The Prime Minister said that the government is working for the day when it could pay more. “This budget is about producing more, having more with which to pay and paying more. Pay is about distribution, but there must be firstly things to distribute, things to be produced through our work…this budget and its theme call on every Guyanese to put his or her shoulder to the wheel,” he said.
He noted that it would not be feasible to pay at a level of more than is being produced, or pay cannot be determined based on “what we think we are worth.”
Paying higher wages without the production of the matching goods and services leads to increasing inflation, as seen in Guyana during the previous administration, he said. This was only halted by the painful medicine that Guyana had to “drink” in the late 1980s, “and we will give the late President [Hugh Desmond] Hoyte honours for initiating that.”
He noted that the period of rampant inflation contributed greatly to the breakdown of society and the resort to living outside the law. “We don’t want to go there again,” he said. “Let us not go into the direction of wages and salaries which could not be sustained, which are not with what is happening in the production area and in the market place,” he said.

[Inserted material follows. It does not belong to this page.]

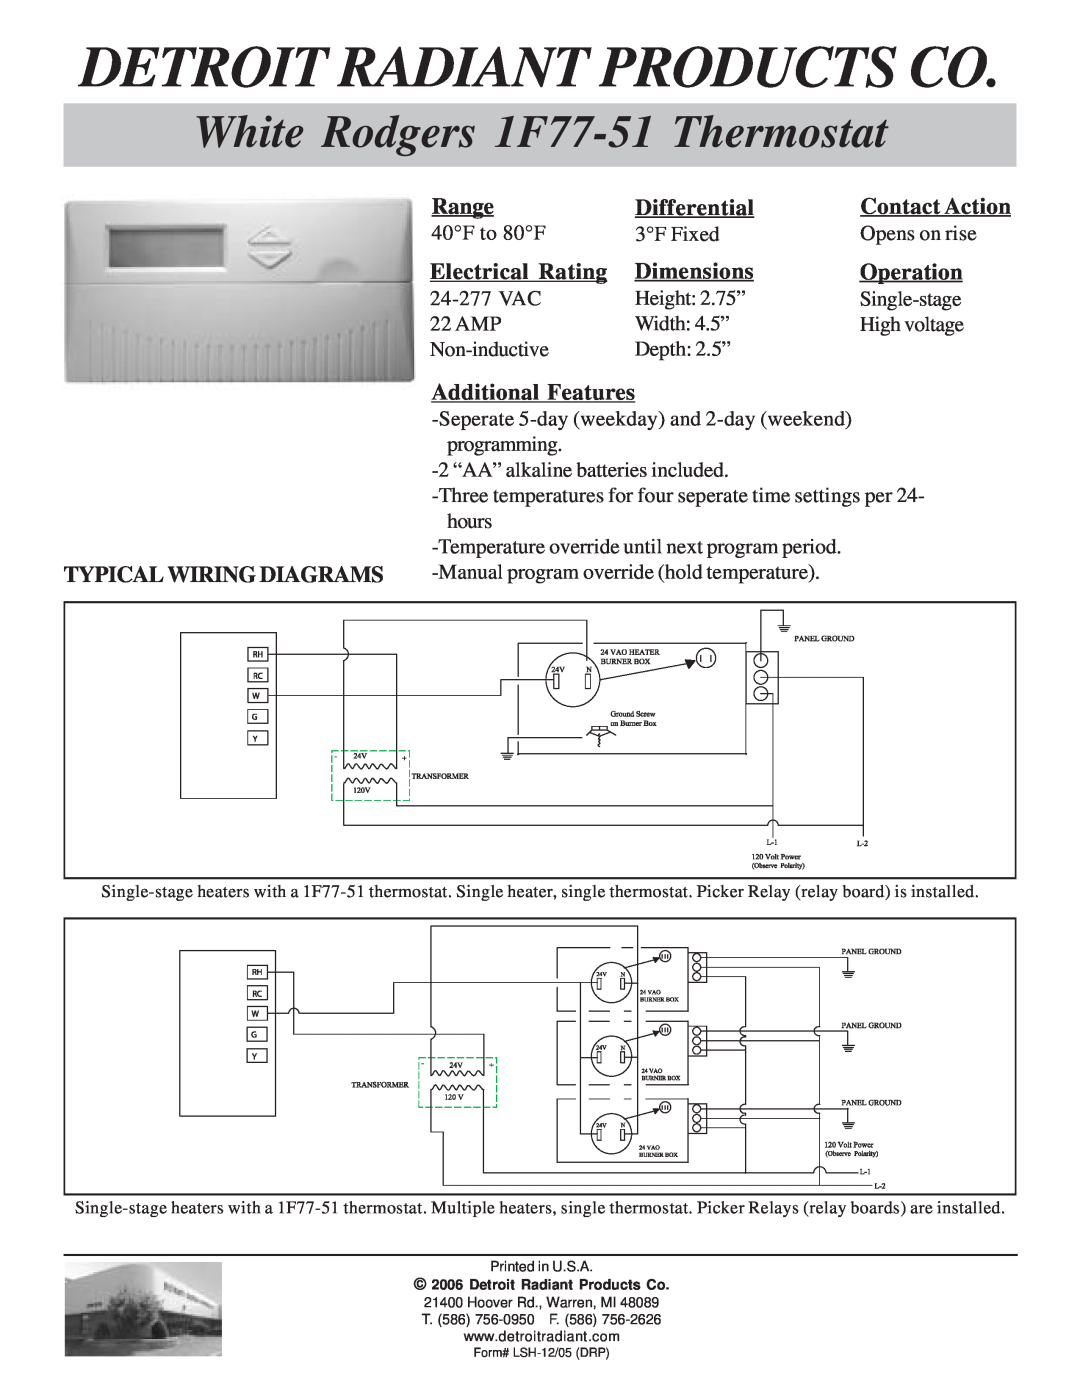 White Rodgers dimensions Detroit Radiant Products Co, White Rodgers 1F77-51 Thermostat, Range, Differential, Dimensions

“We in the PPP/C do want a road to a better life…we are not against a better life, but what we are saying is that we have to get to that better life through our work and through sustained increases in pay, in line with increases in production and productivity,” he said. “We know that could do it…we of the PPP/C we know we could do it. Our past 18 years have shown that we could do it,” he said. “This budget of 2011 and all of our preceding budgets are about keeping us on the straight and narrow path which leads to prosperity, resisting the alluring deceptions of paths which may flatter us today, but take us tomorrow back along the path of the first 20 years of independence” he said.
On VAT, the Prime Minister said that the tax, introduced in 2007, takes proportionately more from those who have more and proportionately less from those who have less.
“The person with more money who buys and enjoys goods and services contributes more to the government coffers,” he said.
“No VAT is charged on basic food, basic education and basic health, and some basic building material,” he said.